Where does one find the material to make the fences & slides that Bob & Rick use on thier table top with there router? Since some are differant than outhers, there must be a viable source for the material to make them from. Just curious.DRA


----------



## ejant (Sep 10, 2004)

Try Ebay, do searches on High Density Poly Ethelene or UHMW


----------



## AKROPAUL (Sep 30, 2004)

I know Lee Valley carried UHMW plastics at one time.Not sure if they still do.


----------



## JohnH (Sep 13, 2004)

You can also find it here.http://shop.woodcraft.com/Woodcraft...alse&mscssid=06483C0C7B3A44B4D809481FD84EB0A0


----------



## UsaHog (Oct 20, 2004)

Hello, New here but have been viewing some of the posts... this one caught my eye as I just posted to a thread on woodnets forums about router jig material this afternoon... 10/19/04, I will copy and paste it here for others to possibly use...

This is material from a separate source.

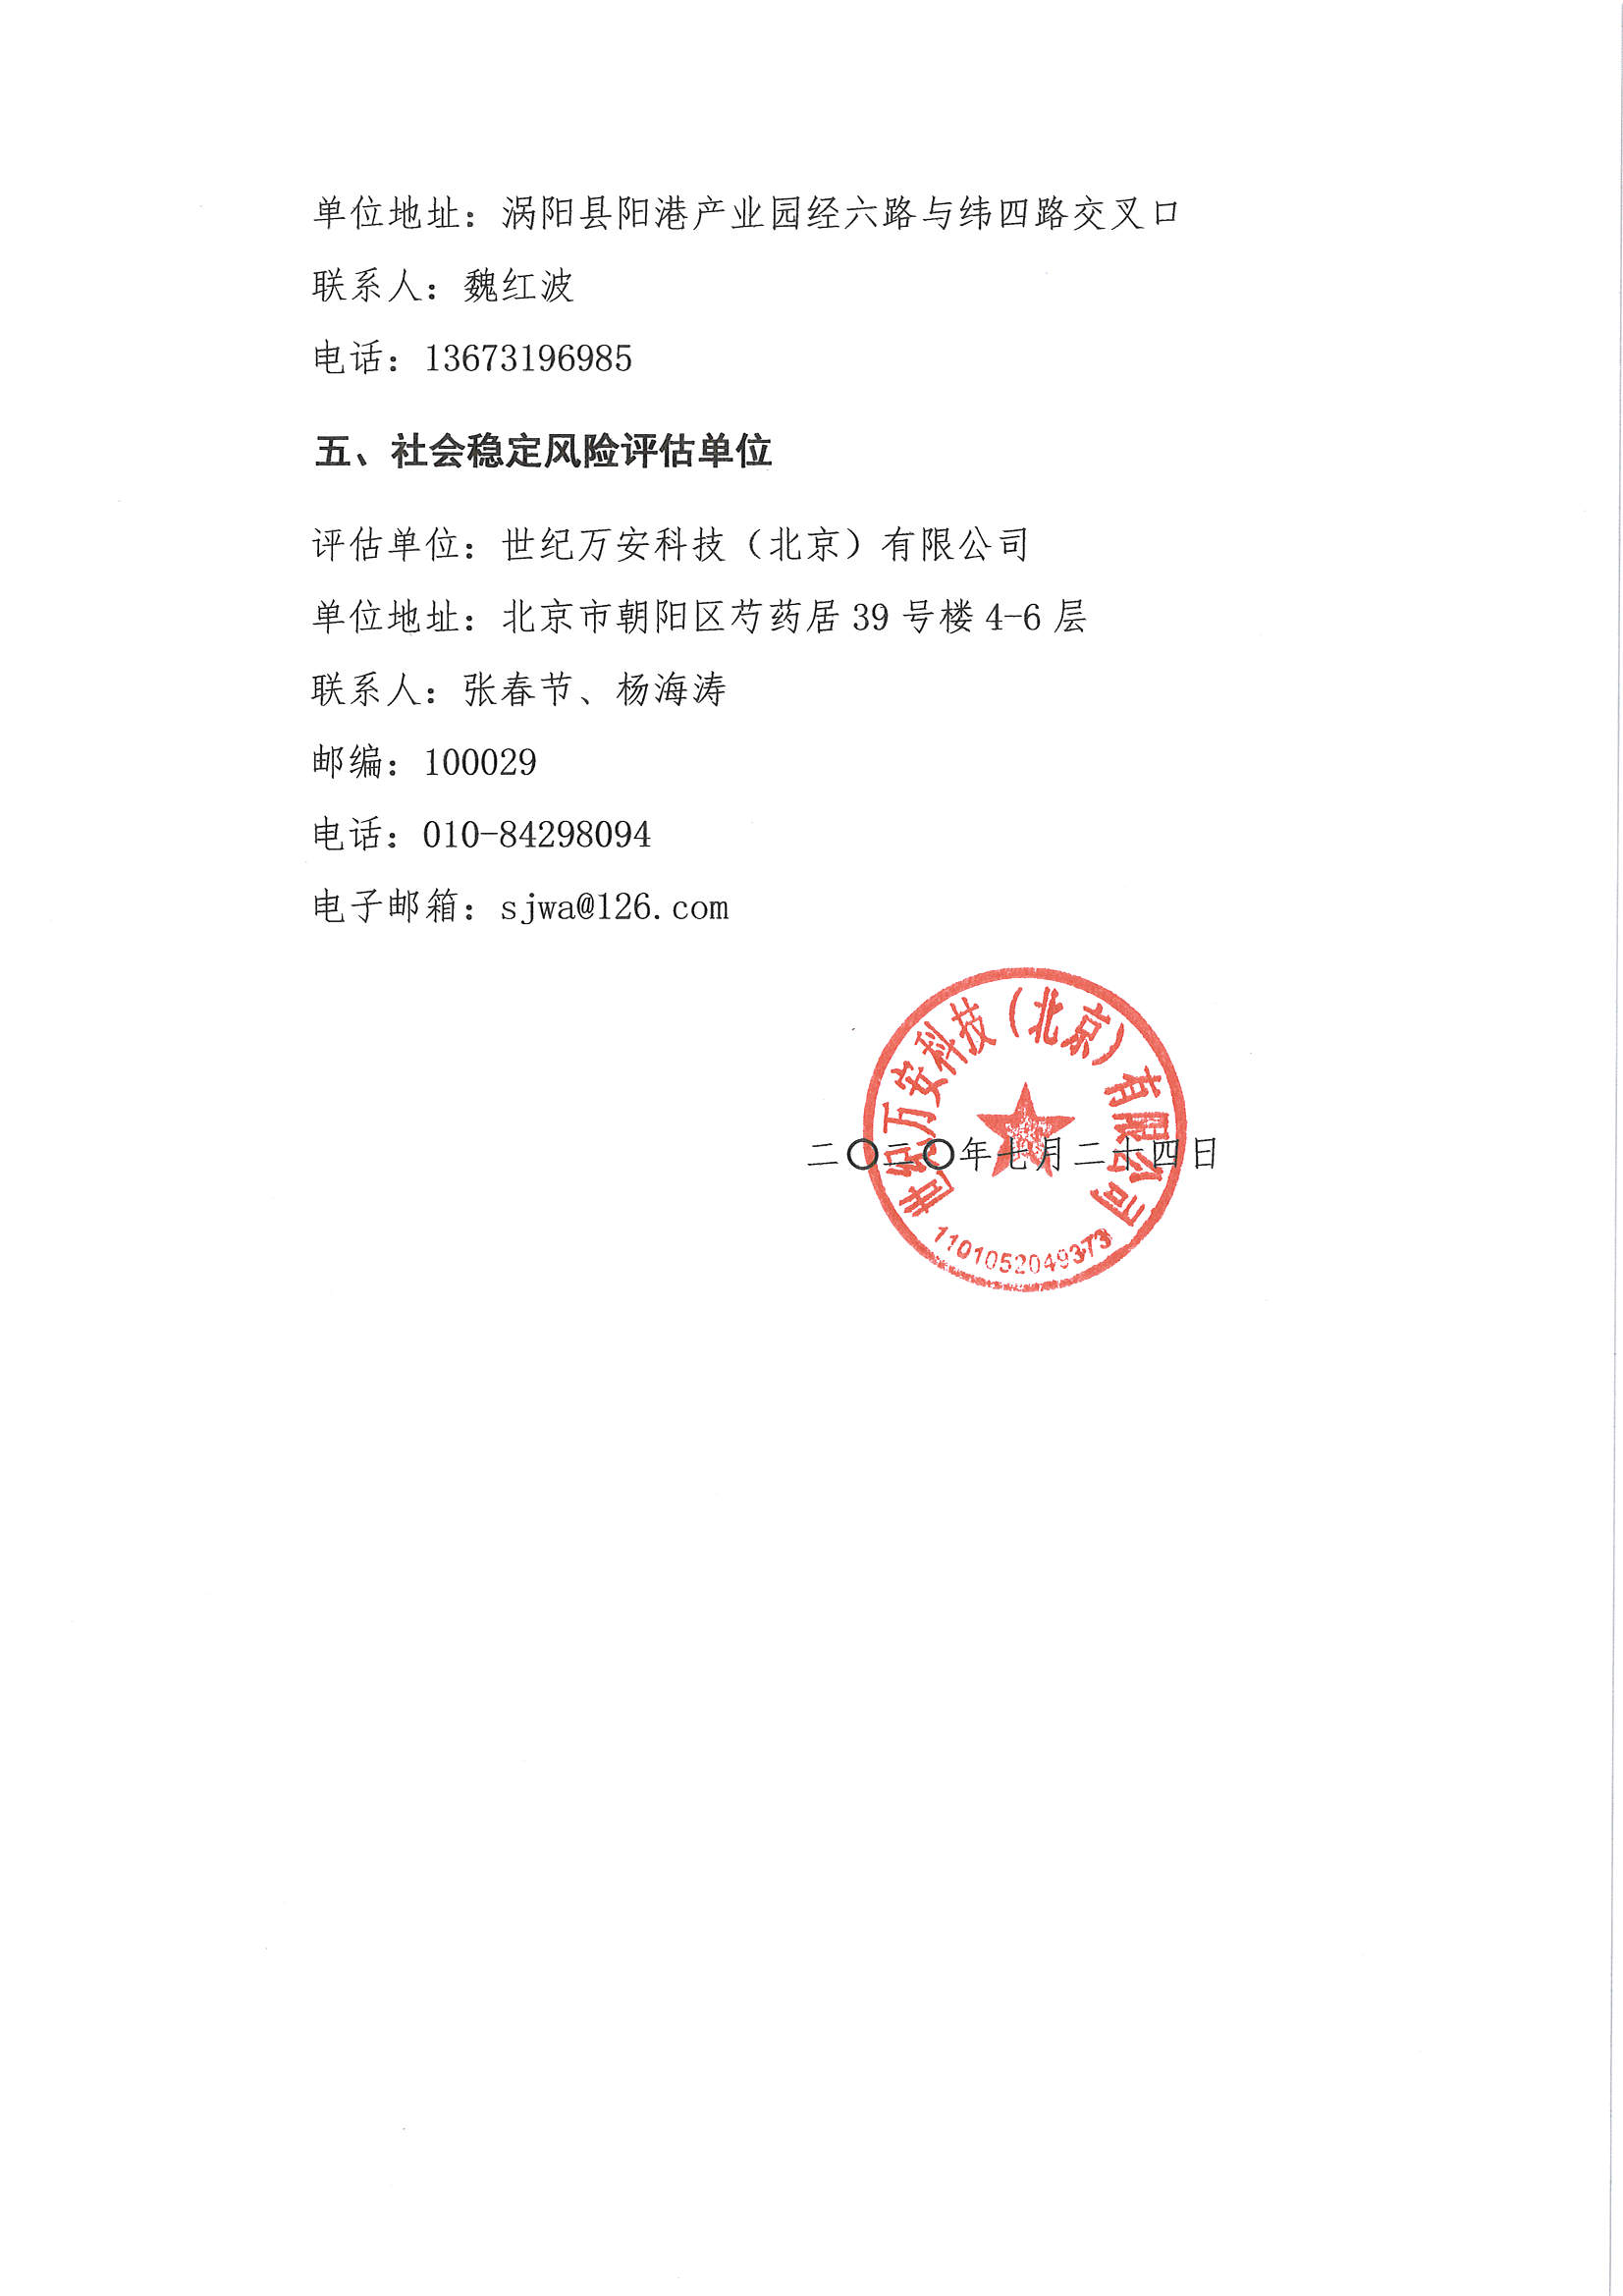 关于“涡阳县阳港热电有限责任公司热电联产项目社会稳定风险评估”的公示_页面_3.jpg

http://www.forums.woodnet.net/ubbth...&Number=1178801&page=2&view=collapsed&sb=5&o=

the website for this material is http://www.admiralcraft.com/ page 65 these are commercially used cutting board material but have worked very well for me for making Jigs and router plates...

I'll post some pictures when I can

Nice to meet you all

Hog


----------